Sunday, October 24, 2021

A Well-Told Story of a Small, but Defining Moment

by Creative Nonfiction Editor Stephanie Seguin

Adam Knight's "Little Bird" in Bacopa Literary Review 2021 is a tender story of an adolescent boy who worries over a baby bird. In this piece, tension is woven through in just the right amounts. I can feel the vulnerability of both the bird and the narrator, in this dugout full of young teenage boys.

      A fluttering movement caught my eye. I looked down. What I had mistaken for some windblown leaves was a bird's nest, probably knocked down from the dugout roof in the previous night's storm. In it lay a baby bird with a bulbous head and wispy feathers. Its beak opened and shut, emitting the tiniest "cheep" that was only audible in the gaps of teenage conversation.

       Hello, I thought. Hello there.

 "Little Bird" is a tight, simple story that is also one of those small moments we build ourselves around, a nugget of self-realization.

      I felt like the bird and I were in a little, private world. He was my secret. I did not know if I could help him, but I could listen to him. You are not alone, I thought. I imagined what it must be like to be the bird, a tiny waif, perhaps days old, disoriented and scared, flailing and crying in a world full of creatures much larger and louder than he. I hear you, little bird. I see you.

The larger metaphor of this story works without being overwrought. I felt this boy, a small bird, trying not to be crushed by the growing expectations of the aggressive masculinity around him. The triumph of this piece, for me, is the exploration of this small defining moment in a life. The realization, "I am different than this."

      Something died that day. Not just a newly hatched sparrow on a high school baseball field, but also something in me. As a boy, I had played baseball on a team with other boys, and though we may have all had different temperaments, we all could play the game we loved. But that morning's events confirmed for me finally that I did not belong. Not on the team and not with other guys. My path to manhood, whatever it might look like, would not look like Nick and Scott's . . .

 *   *   *

Adam Knight is a writer and teacher in northern New Jersey. His debut novel, At the Trough, was published in 2019 by NineStar Press and his fiction and essays have been published in a number of publications, including "Hoping for Red" in Escape Pod, December 2018. He is currently revising a cosmic horror novel about the Titanic.


Friday, October 15, 2021

From The Editors: Bacopa Literary Review 2021

I love the stars because they flicker. I love the stars because they recede.
I love the stars because they trace perfect circles if you plant yourself
on a hill and let the aperture stay open all night, exposed.
Shana Ross, “If Betelgeuse Explodes, I Will Be Sad”
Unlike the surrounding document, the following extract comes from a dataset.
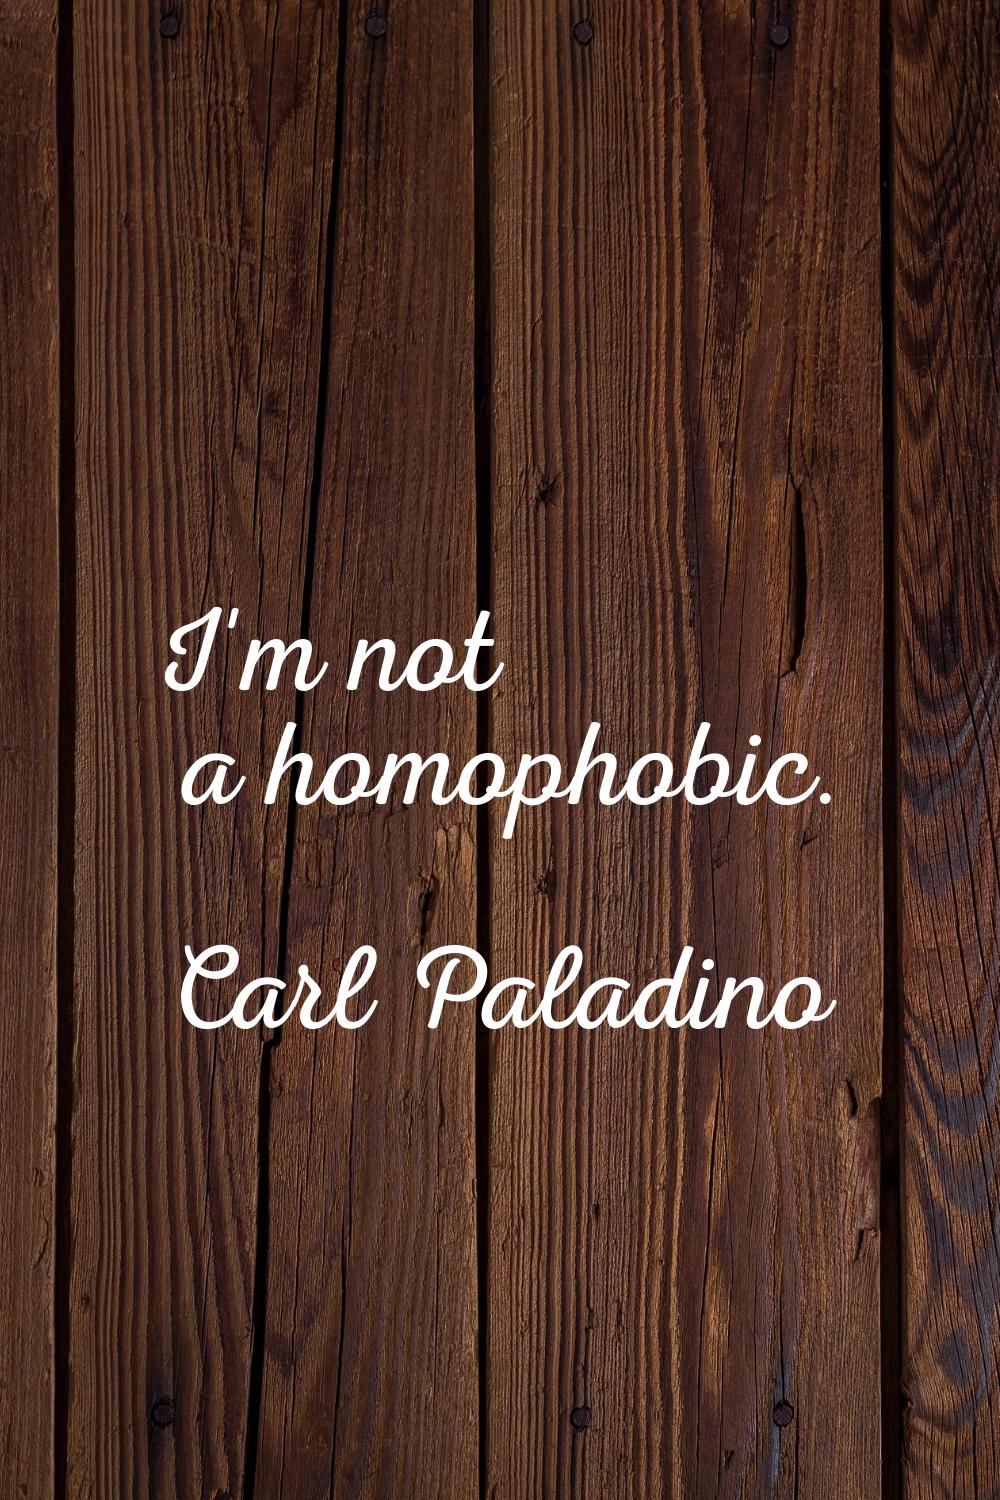 I'm not a homophobic.

As we assemble each edition of Bacopa Literary Review, we look for themes. One over-arching focus in both 2020 and 2021 is grief. This theme, pervasive in every aspect of our lives for the last year and a half as we all endure the COVID-19 pandemic, is clearly present in this year’s journal. But some of the other themes this year have surprised us, a fascinating and uplifting set of motifs employed in ways as simultaneously jarring and consoling as the image of the little bird in Emily Dickinson’s famous poem “‘Hope’ is the thing with feathers,” who sings the tune without the words--/ And never stops—at all--// And sweetest—in the Gale—is heard.  

It would be easy to let grief overwhelm us, in times like these, and some of our selections reflect on that ease. There is the dark, all-encompassing existential agony over the family tragedy expressed in Alec Kissoondyal’s “Smudge.” Its complement, the long slog through the initial stages of grief and into something approximating the rest of life for those left behind, is portrayed in Shuly Cawood’s “Not Naming It.” There is also the gentle, even humorous sense of resignation and peace-making with grief expressed in both Janet Marugg’s fictional vignette “Lila’s Last Day” and Lora Straub’s nonfiction essay “A Fragile Inheritance." 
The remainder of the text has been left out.